• _About this task_: From the first line to the last, repeat the data exactly but leave out the pictures.

• _Data segment_:
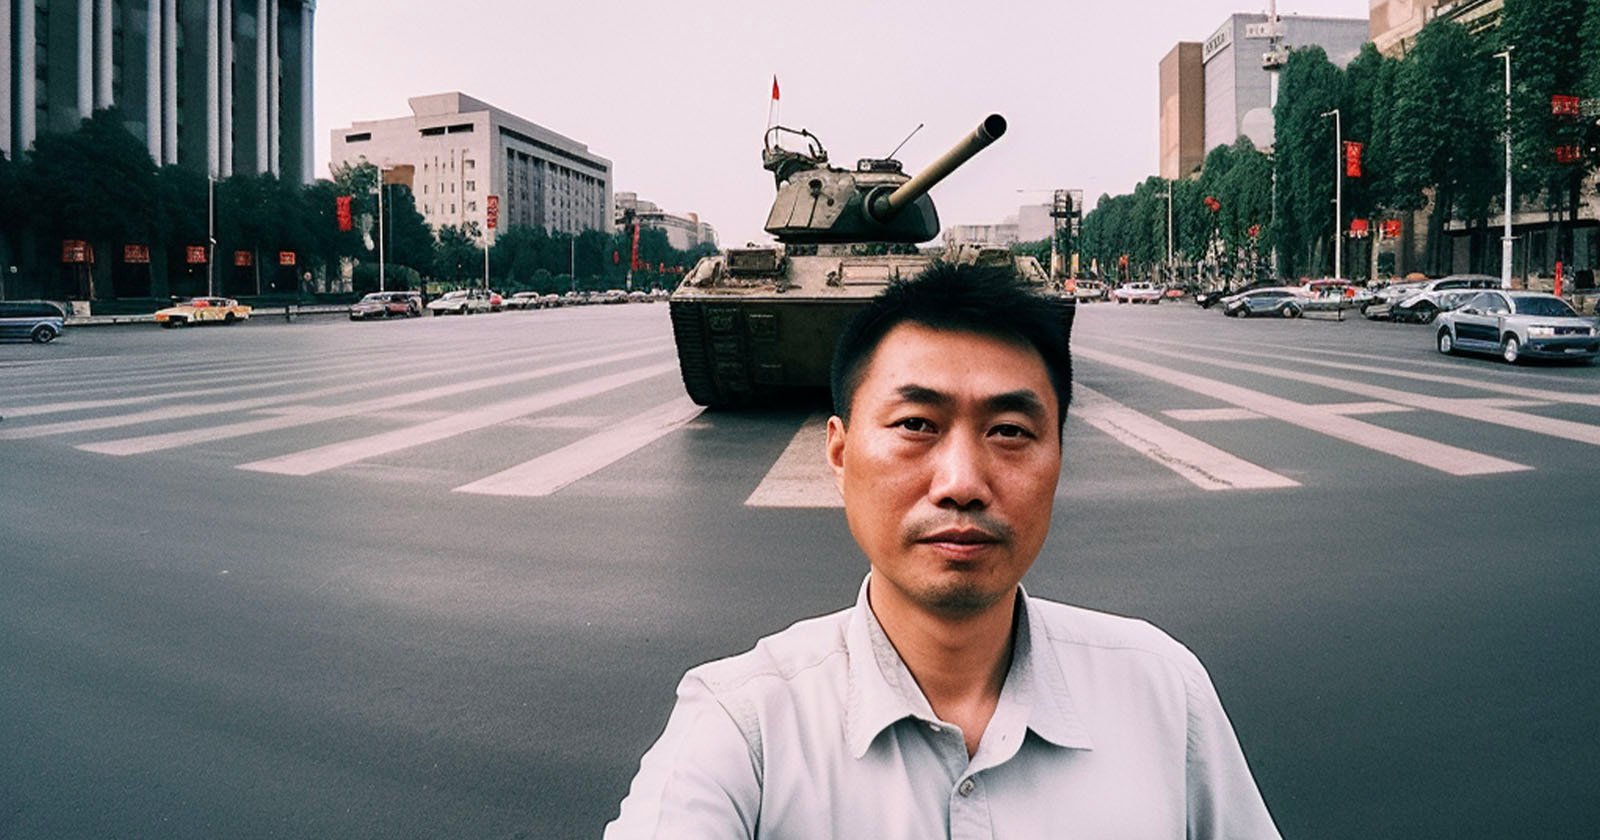 AI Image of Tiananmen Squares Tank Man Rises to the Top of Google Search
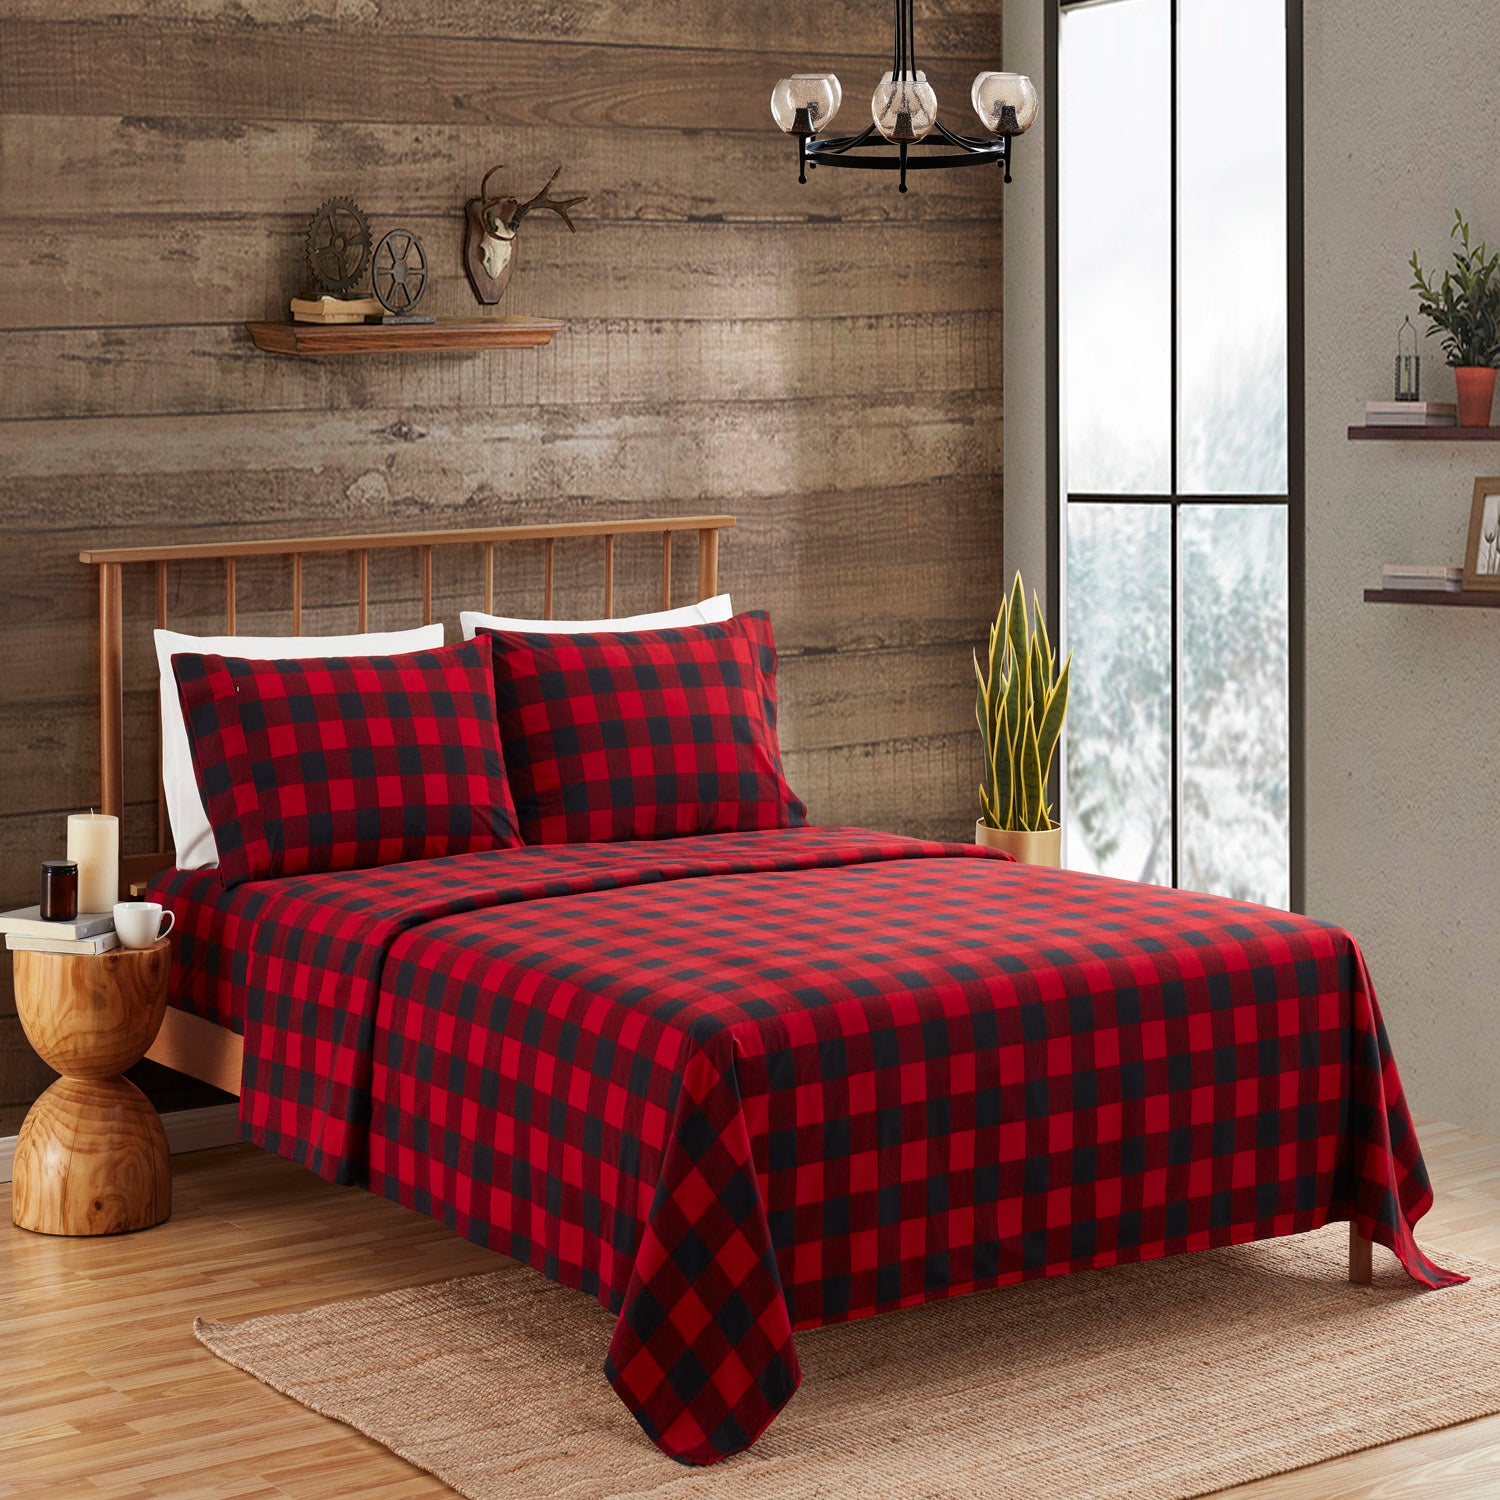 Printed Flannel 4-Piece Sheet Set, Buffalo Check - Bed
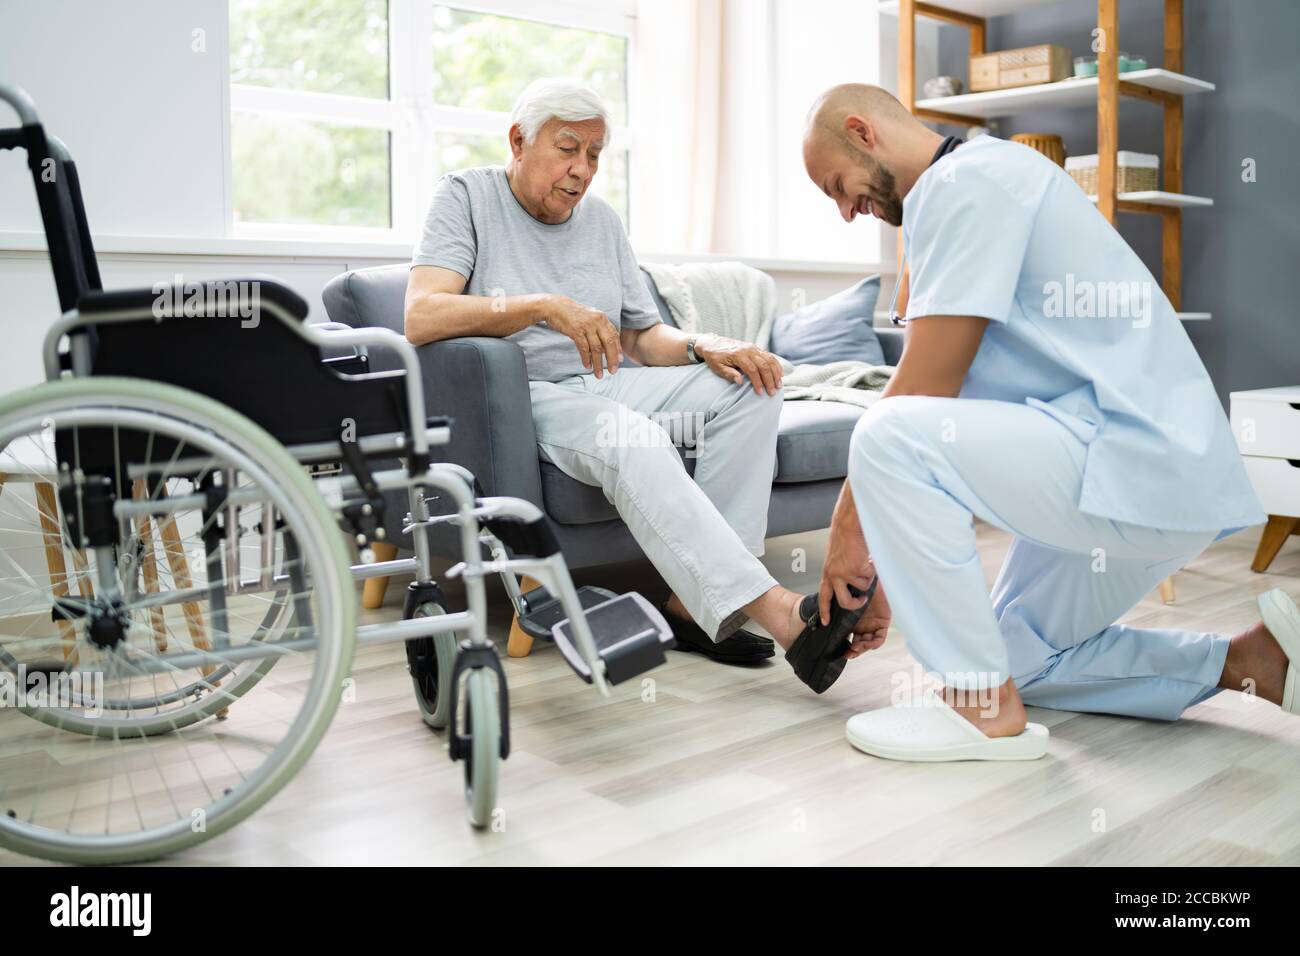 Old Senior Home Care. Nurse Helping Patient To Dress Shoes Stock Photo

• _Exercise result_:
 AI Image of Tiananmen Squares Tank Man Rises to the Top of Google Search
 Printed Flannel 4-Piece Sheet Set, Buffalo Check - Bed
 Old Senior Home Care. Nurse Helping Patient To Dress Shoes Stock Photo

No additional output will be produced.